After reading Mike Fratto’s post on “Why Blacklisting Works” I feel some comments are in order.
The default allow (or “blacklisting”) vs. default deny (“whitelisting”) debate seems to go on and on ad infinitum. Let me state up front that I am unabashedly in the default-deny camp, and here’s why.
Sure it sounds easier in principle to just deny the bad stuff, thus avoiding the trouble of figuring out just what the good stuff is (and maybe avoiding a few irate help desk calls in the process), but, as you actually point out, it’s really not good security. But we have to accommodate customers of either persuasion and, truthfully, your NAC product should let you do it whichever way you want.
We opted for default deny.
Why? Because it’s clearly the best security practice, based on many years of many people’s experience. We just couldn’t make a firewall default allow and still think of ourselves as security people.
Besides, when you put an ACL on a file, do you normally make it default allow and blacklist just those who shouldn’t be granted access? I think not.
But, honestly, it shouldn’t be that big a deal to append an allow-all rule if that’s what you really want to do.
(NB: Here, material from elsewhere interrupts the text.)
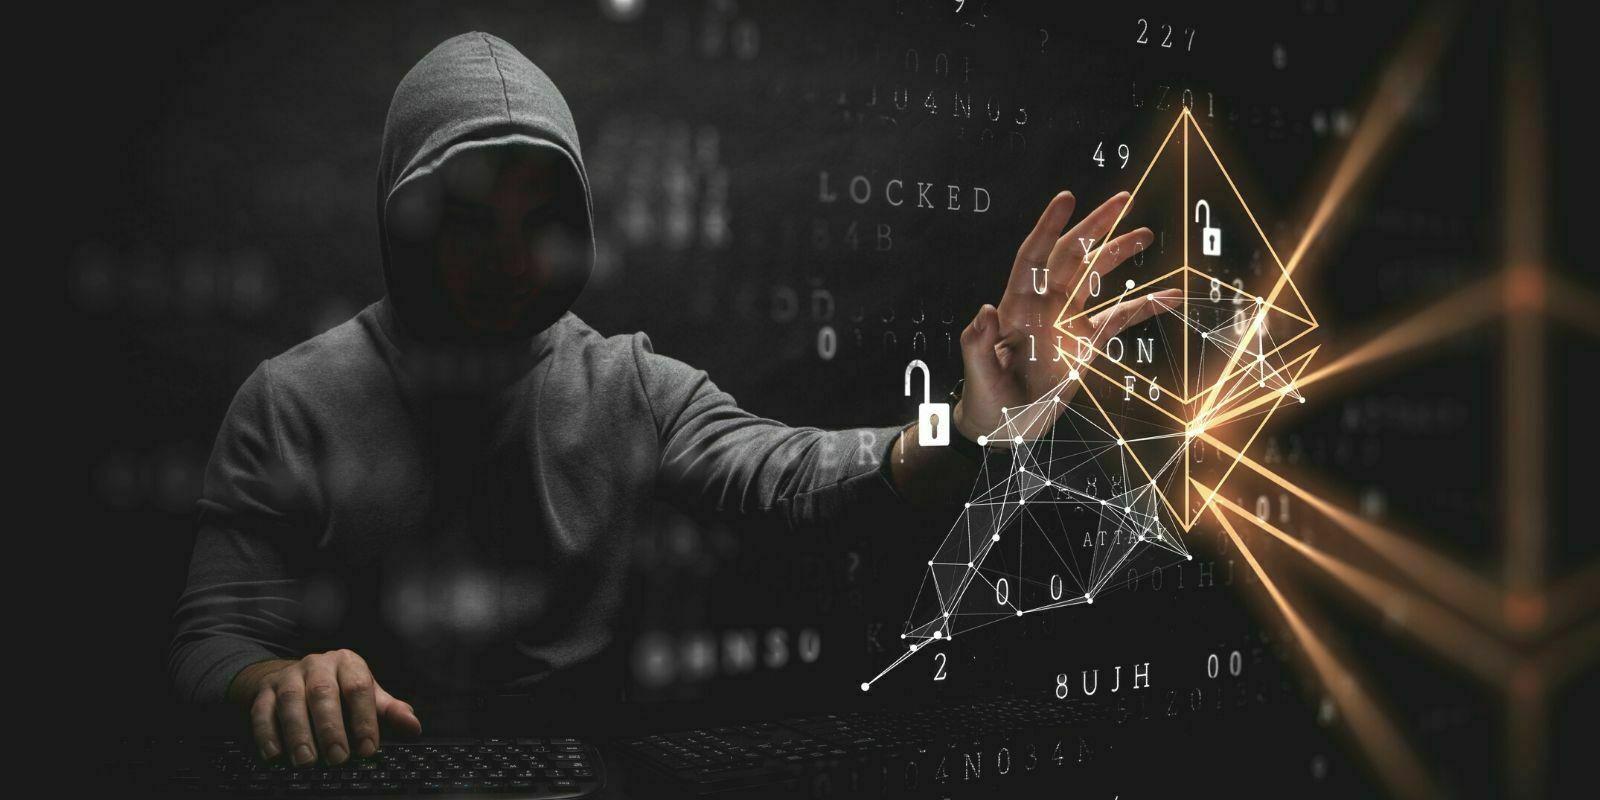 L'exchange Upbit subit un hack, $50M en éthers ont été volés

In fact, we ship our product with an allow-all sample policy configured on all secure interfaces, since we found that most of our evals and deployments want to start out by monitoring what’s happening on their network – since unfortunately, they don’t really know how bad of a problem they have. And this makes it easier to get the box up and running.
And we also ship with a “pre-login” sample policy that allows just enough access to things like Active Directory to let Windows boot and get GPOs, and let users get tickets to login and open browsers, and which of course has to be customized with the specific server addresses for the particular network. I don’t really understand why you couldn’t configure the ConSentry box to do the same thing and whether this was for endpoint compliance or for post-connect, but I suspect it is because they only allow you to set policies for UDP and TCP. So if you had a default deny but want to allow some other IP protocol, such as ICMP or GRE, you can’t do it.
But I digress. On your impossible-to-manage points, we think you can avoid a lot of the headaches inherent in a traditional monolithic perimeter firewall rule set by composing policies for users based on group memberships. This way, the access granted to particular user classes can be more readily managed.
Speaking of managing policies, I wish LAN security could be as simple as you want would like just by blacklisting, but as far as I am concerned it’s only an illusion. If you forget to deny your sales people access to one of those R&D servers, say, nobody might ever know until it is too late. So have you really solved your security problem, or just temporarily made it appear to go away?
I can get behind your thought processes, though. When we were developing the Nevis secure switches I have to confess that even I thought the same as you, at least for a while. I pondered, isn’t LAN security a different species than perimeter security? At the perimeter it’s like at the front door, you only want to let friends in and anyone who is not your friend is clearly SoTE, but on the LAN, it’s like you’re roaming among the cube farm: everyone can pretty much go anywhere they want to because everyone is your friend. Inside, you really only need to make a few places like the CEO’s office off limits and remember to lock up those few file cabinets with sensitive stuff in them when you step out. Most people are honest and adhere to company policies, right? And guests need an escort.
To put it differently, at the perimeter you typically want to deny most ingress but allow most egress, but on the LAN you are more concerned about what different classes of users can or maybe shouldn’t access. And until recently there have been limited options for providing an escort for your guests to keep them from running amok. So how to architect a LAN security firewall, should it default to deny or allow?